- _TASK PROMPT_
When the line containing "Marruecos, M'Hamid, Erg" is reached, include it and end there; set down verbatim every line before it, starting at the top of the records.

- _EXTRACTED INFORMATION_
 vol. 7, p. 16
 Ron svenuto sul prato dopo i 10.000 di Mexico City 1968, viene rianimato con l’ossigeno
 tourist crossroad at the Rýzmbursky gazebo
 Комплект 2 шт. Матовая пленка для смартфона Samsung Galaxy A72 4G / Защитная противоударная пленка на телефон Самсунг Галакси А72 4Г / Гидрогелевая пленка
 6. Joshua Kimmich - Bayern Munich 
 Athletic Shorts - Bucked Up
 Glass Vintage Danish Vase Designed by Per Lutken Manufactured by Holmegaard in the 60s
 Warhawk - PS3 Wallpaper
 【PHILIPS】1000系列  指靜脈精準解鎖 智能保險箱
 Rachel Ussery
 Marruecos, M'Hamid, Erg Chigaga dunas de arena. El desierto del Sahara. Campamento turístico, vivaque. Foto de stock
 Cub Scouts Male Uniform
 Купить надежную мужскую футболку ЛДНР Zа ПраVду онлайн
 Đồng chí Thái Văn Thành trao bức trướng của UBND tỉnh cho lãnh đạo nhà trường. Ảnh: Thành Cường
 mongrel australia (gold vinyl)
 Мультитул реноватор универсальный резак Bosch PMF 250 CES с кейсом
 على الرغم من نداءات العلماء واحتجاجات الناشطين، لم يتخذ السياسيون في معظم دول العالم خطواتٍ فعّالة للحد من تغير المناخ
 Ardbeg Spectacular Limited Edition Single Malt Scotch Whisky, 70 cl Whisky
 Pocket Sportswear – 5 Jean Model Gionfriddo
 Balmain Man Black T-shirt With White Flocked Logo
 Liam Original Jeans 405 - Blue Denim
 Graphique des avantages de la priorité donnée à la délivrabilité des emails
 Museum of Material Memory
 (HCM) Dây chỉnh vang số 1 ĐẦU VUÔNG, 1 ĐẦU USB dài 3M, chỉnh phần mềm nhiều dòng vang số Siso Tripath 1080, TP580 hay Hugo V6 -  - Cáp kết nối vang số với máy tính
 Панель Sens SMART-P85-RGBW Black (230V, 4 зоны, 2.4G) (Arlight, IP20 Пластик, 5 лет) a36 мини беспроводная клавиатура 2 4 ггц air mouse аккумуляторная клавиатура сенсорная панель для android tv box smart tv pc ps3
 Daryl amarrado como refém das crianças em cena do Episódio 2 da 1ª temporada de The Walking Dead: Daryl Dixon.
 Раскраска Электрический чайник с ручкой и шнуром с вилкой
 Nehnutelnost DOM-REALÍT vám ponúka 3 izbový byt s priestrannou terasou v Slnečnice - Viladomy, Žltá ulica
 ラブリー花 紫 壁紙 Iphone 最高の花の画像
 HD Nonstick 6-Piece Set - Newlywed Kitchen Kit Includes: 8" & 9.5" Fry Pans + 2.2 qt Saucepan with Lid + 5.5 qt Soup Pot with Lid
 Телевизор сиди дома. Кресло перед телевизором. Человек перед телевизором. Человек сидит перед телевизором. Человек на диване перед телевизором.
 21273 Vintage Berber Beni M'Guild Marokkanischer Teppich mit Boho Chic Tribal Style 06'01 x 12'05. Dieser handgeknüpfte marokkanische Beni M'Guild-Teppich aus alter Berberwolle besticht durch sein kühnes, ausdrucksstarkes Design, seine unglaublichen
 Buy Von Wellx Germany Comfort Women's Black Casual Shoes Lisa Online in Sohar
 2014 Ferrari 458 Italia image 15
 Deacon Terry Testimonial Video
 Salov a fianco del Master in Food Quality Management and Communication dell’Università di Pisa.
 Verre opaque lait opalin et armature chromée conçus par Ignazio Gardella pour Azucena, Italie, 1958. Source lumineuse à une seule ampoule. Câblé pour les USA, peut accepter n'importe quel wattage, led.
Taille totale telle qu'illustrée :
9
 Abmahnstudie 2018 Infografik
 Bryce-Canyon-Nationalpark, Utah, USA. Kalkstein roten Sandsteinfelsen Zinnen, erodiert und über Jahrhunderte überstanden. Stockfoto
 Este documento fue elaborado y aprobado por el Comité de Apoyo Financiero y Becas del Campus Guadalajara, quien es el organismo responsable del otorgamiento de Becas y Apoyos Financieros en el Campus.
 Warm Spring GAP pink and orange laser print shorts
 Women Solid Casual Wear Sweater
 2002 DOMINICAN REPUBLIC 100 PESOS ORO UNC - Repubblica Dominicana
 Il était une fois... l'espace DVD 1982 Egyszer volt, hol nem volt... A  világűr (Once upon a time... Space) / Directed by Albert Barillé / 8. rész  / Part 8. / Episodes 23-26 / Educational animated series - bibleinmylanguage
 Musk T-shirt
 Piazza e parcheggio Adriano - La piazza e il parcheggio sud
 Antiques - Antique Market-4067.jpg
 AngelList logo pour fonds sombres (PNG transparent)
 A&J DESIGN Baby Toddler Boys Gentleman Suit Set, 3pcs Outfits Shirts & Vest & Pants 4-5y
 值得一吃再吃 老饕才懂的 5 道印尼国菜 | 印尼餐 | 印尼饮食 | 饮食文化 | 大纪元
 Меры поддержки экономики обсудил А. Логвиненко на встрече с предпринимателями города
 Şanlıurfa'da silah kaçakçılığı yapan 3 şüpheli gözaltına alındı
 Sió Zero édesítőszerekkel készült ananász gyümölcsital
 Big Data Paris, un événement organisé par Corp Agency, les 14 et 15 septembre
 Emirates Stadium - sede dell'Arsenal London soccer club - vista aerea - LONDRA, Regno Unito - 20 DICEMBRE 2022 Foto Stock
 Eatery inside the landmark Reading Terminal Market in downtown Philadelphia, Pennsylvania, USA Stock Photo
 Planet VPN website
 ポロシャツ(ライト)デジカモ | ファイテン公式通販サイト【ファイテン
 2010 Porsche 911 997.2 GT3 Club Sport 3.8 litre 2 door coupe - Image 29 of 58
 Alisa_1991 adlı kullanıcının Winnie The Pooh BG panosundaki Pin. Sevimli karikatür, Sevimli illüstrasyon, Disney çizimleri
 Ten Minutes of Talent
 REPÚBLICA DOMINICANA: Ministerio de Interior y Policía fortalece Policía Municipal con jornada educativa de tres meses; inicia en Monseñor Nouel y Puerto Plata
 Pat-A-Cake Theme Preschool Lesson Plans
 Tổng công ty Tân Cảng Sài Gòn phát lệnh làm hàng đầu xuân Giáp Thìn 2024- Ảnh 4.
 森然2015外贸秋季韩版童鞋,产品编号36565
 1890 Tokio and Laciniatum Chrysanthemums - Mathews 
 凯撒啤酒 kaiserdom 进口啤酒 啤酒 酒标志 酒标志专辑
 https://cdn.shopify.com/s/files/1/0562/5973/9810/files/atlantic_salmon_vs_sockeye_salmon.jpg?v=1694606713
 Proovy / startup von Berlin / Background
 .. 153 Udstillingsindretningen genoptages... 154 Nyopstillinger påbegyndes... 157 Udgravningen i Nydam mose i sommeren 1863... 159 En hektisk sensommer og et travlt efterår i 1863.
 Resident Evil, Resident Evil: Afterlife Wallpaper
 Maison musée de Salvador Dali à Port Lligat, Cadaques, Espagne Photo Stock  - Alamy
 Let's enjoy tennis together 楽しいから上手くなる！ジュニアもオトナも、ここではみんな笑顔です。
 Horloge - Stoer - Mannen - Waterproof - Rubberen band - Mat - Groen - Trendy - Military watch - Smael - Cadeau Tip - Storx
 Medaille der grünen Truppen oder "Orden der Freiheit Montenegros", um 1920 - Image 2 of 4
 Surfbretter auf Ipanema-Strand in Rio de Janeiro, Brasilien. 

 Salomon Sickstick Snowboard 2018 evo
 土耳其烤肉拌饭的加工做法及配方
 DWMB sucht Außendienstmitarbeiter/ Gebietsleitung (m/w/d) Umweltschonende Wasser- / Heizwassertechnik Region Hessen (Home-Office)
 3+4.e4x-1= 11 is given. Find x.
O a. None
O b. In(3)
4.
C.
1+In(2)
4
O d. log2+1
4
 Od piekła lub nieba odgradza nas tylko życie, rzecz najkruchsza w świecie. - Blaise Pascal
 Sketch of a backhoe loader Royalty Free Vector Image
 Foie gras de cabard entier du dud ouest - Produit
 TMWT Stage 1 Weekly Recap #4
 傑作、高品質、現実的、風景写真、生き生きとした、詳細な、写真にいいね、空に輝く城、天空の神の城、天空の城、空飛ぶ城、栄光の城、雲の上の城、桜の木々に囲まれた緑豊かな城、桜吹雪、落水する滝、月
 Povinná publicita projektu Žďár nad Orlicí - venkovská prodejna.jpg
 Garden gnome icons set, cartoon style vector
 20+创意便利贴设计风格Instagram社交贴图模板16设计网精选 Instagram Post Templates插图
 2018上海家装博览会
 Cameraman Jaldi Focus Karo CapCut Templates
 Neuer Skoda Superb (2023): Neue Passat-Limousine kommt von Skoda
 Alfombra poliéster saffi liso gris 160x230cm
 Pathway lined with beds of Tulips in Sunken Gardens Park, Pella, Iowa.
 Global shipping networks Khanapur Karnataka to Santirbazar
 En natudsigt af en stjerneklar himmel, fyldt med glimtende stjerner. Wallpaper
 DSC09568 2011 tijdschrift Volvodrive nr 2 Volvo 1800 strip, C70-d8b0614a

- _EXERCISE SOLUTION_
 vol. 7, p. 16
 Ron svenuto sul prato dopo i 10.000 di Mexico City 1968, viene rianimato con l’ossigeno
 tourist crossroad at the Rýzmbursky gazebo
 Комплект 2 шт. Матовая пленка для смартфона Samsung Galaxy A72 4G / Защитная противоударная пленка на телефон Самсунг Галакси А72 4Г / Гидрогелевая пленка
 6. Joshua Kimmich - Bayern Munich 
 Athletic Shorts - Bucked Up
 Glass Vintage Danish Vase Designed by Per Lutken Manufactured by Holmegaard in the 60s
 Warhawk - PS3 Wallpaper
 【PHILIPS】1000系列  指靜脈精準解鎖 智能保險箱
 Rachel Ussery
 Marruecos, M'Hamid, Erg Chigaga dunas de arena. El desierto del Sahara. Campamento turístico, vivaque. Foto de stock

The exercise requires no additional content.